(ACTIVITY)
Lines from the one containing "l w round pd" through the final line of the data, restated word for word and free of pictures, make up the whole answer.

(PROVIDED DATA)
=== Begin Enclosure ===

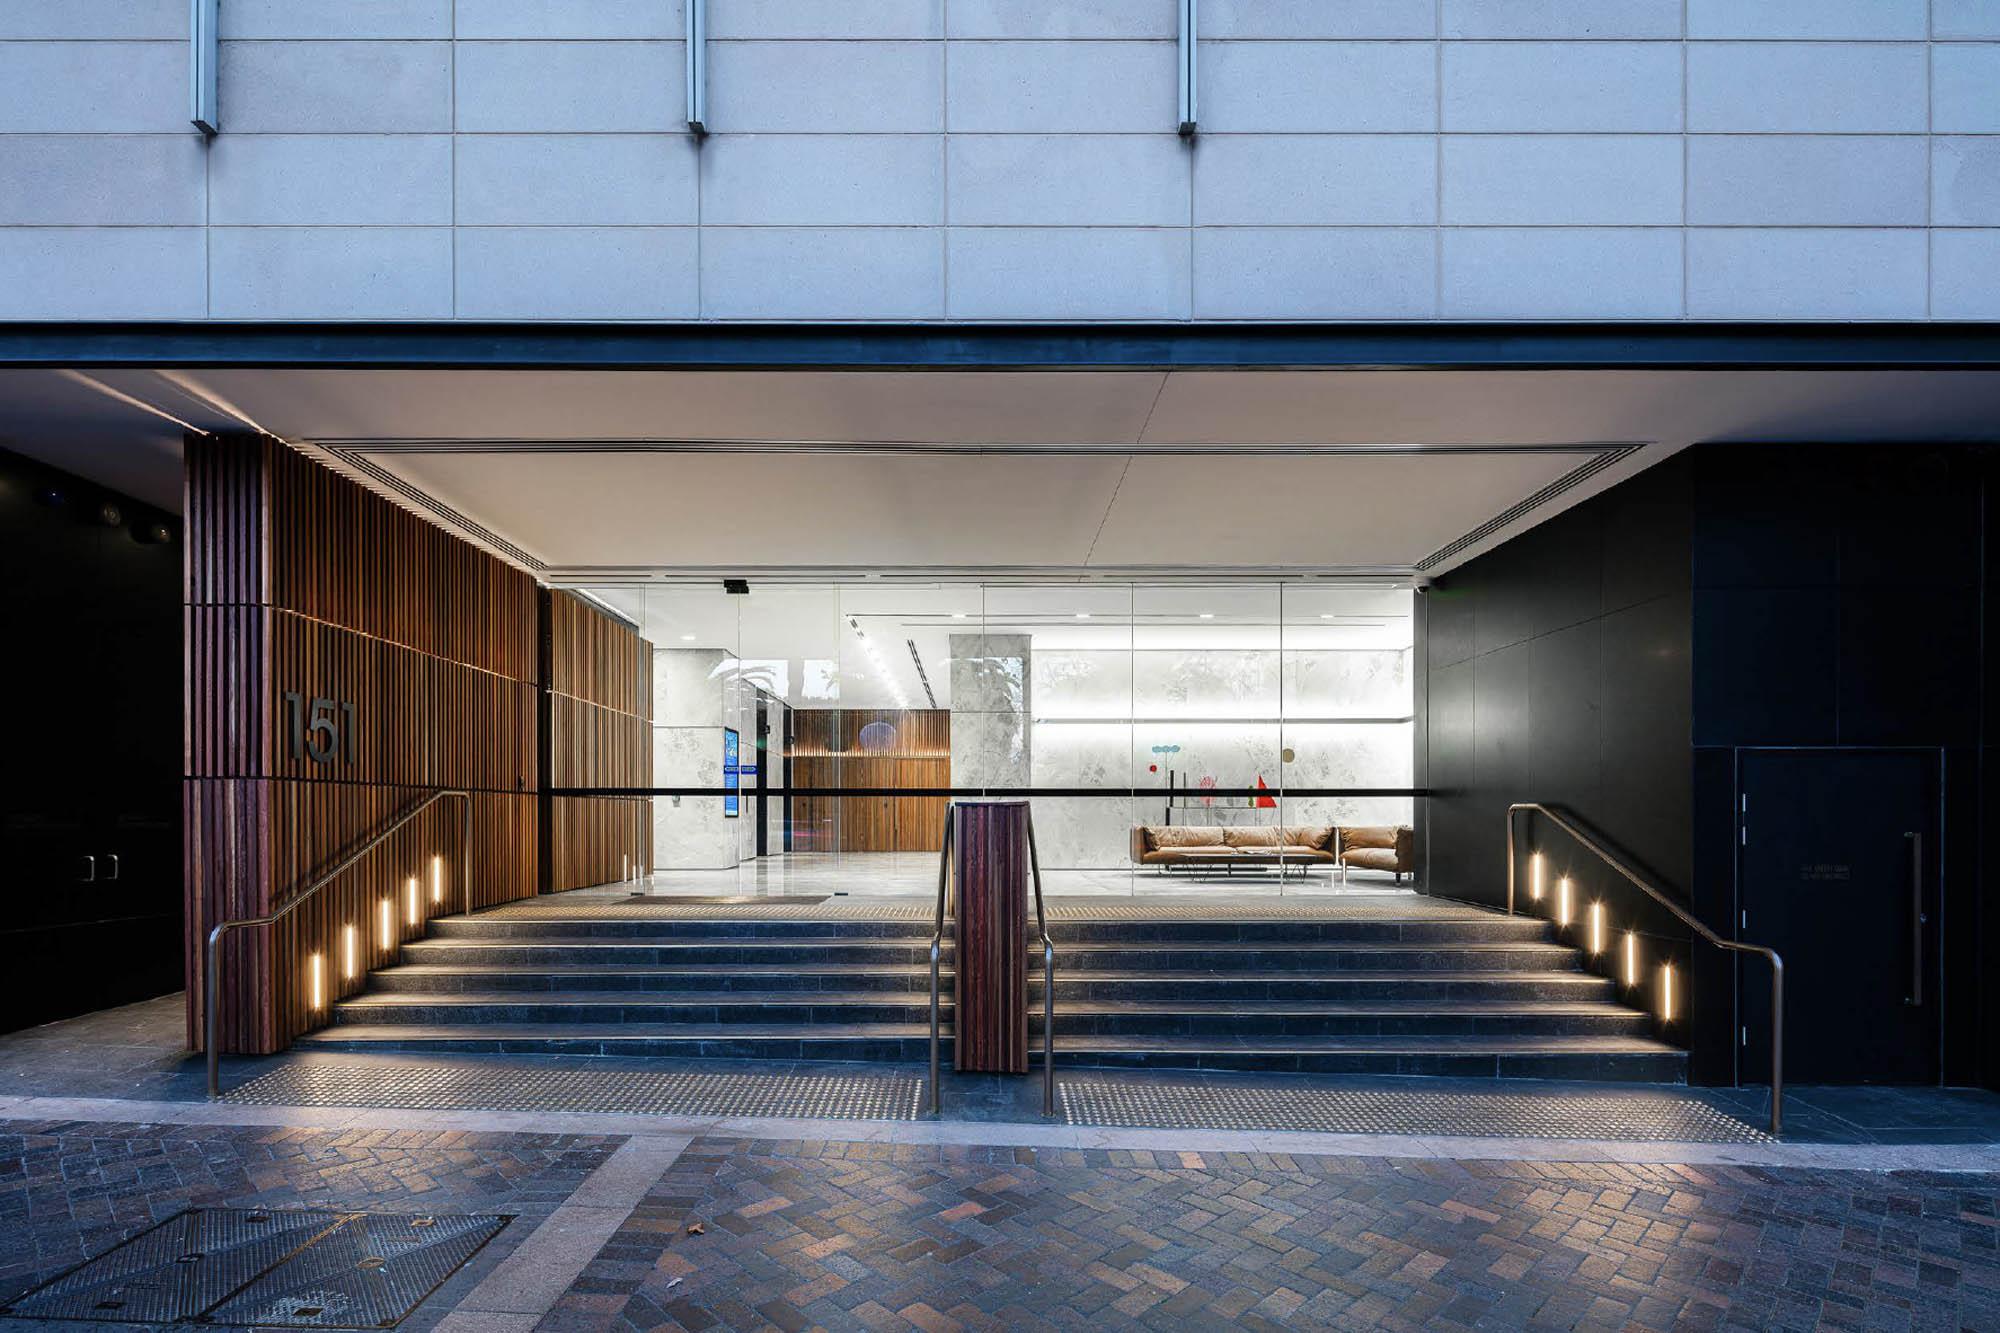 151 Macquarie Street interior construction asset refurbishment facade exterior building Sydney
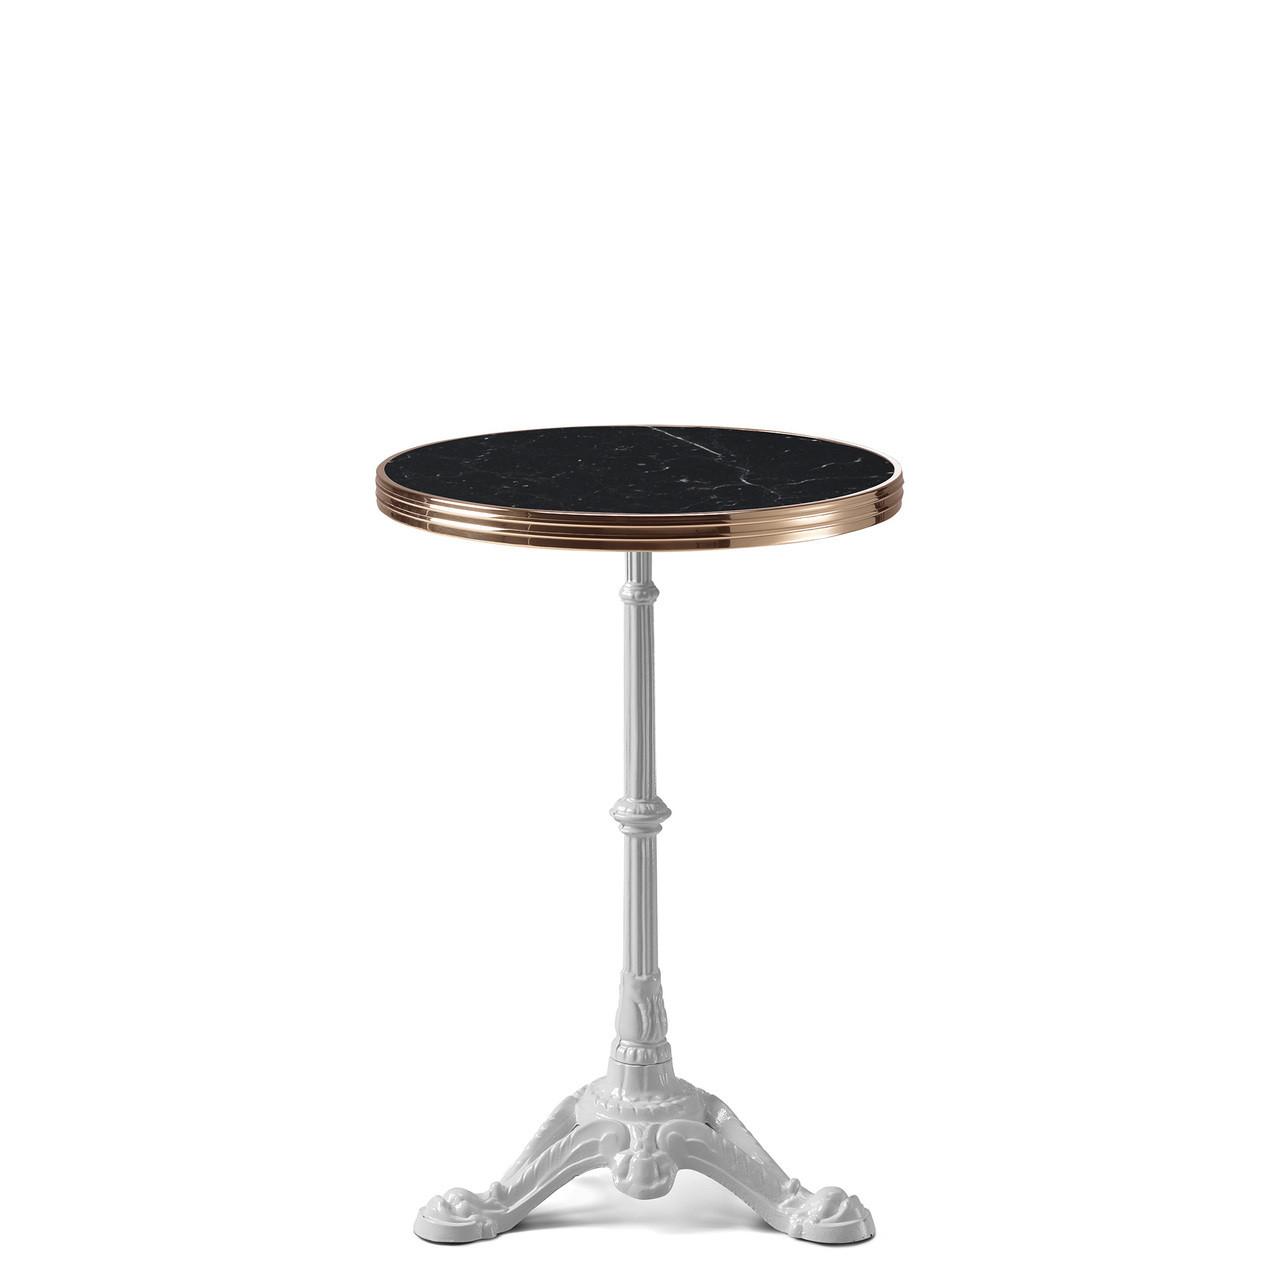 l w round pd treasures in x shop bistro pelham steel garden table bay
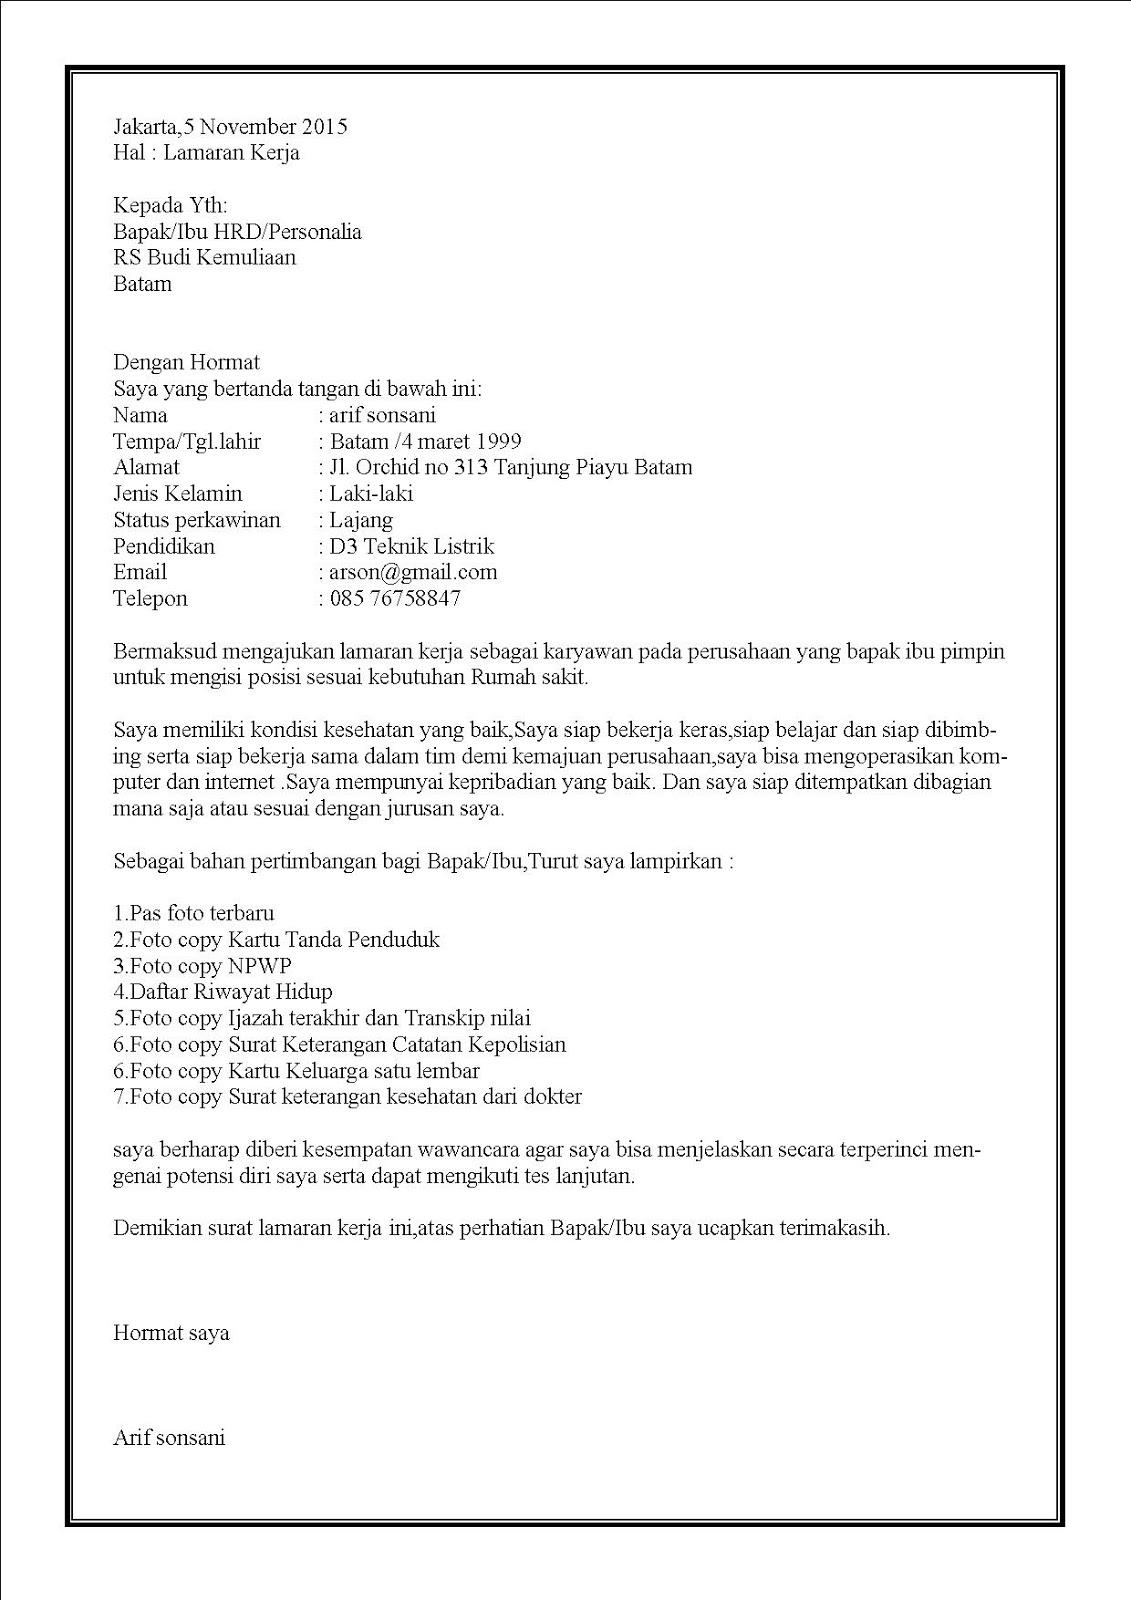 Contoh surat lamaran kerja di rumah sakit inisiatif sendiri

=== End Enclosure ===

(YOUR RESPONSE)
 l w round pd treasures in x shop bistro pelham steel garden table bay
 Contoh surat lamaran kerja di rumah sakit inisiatif sendiri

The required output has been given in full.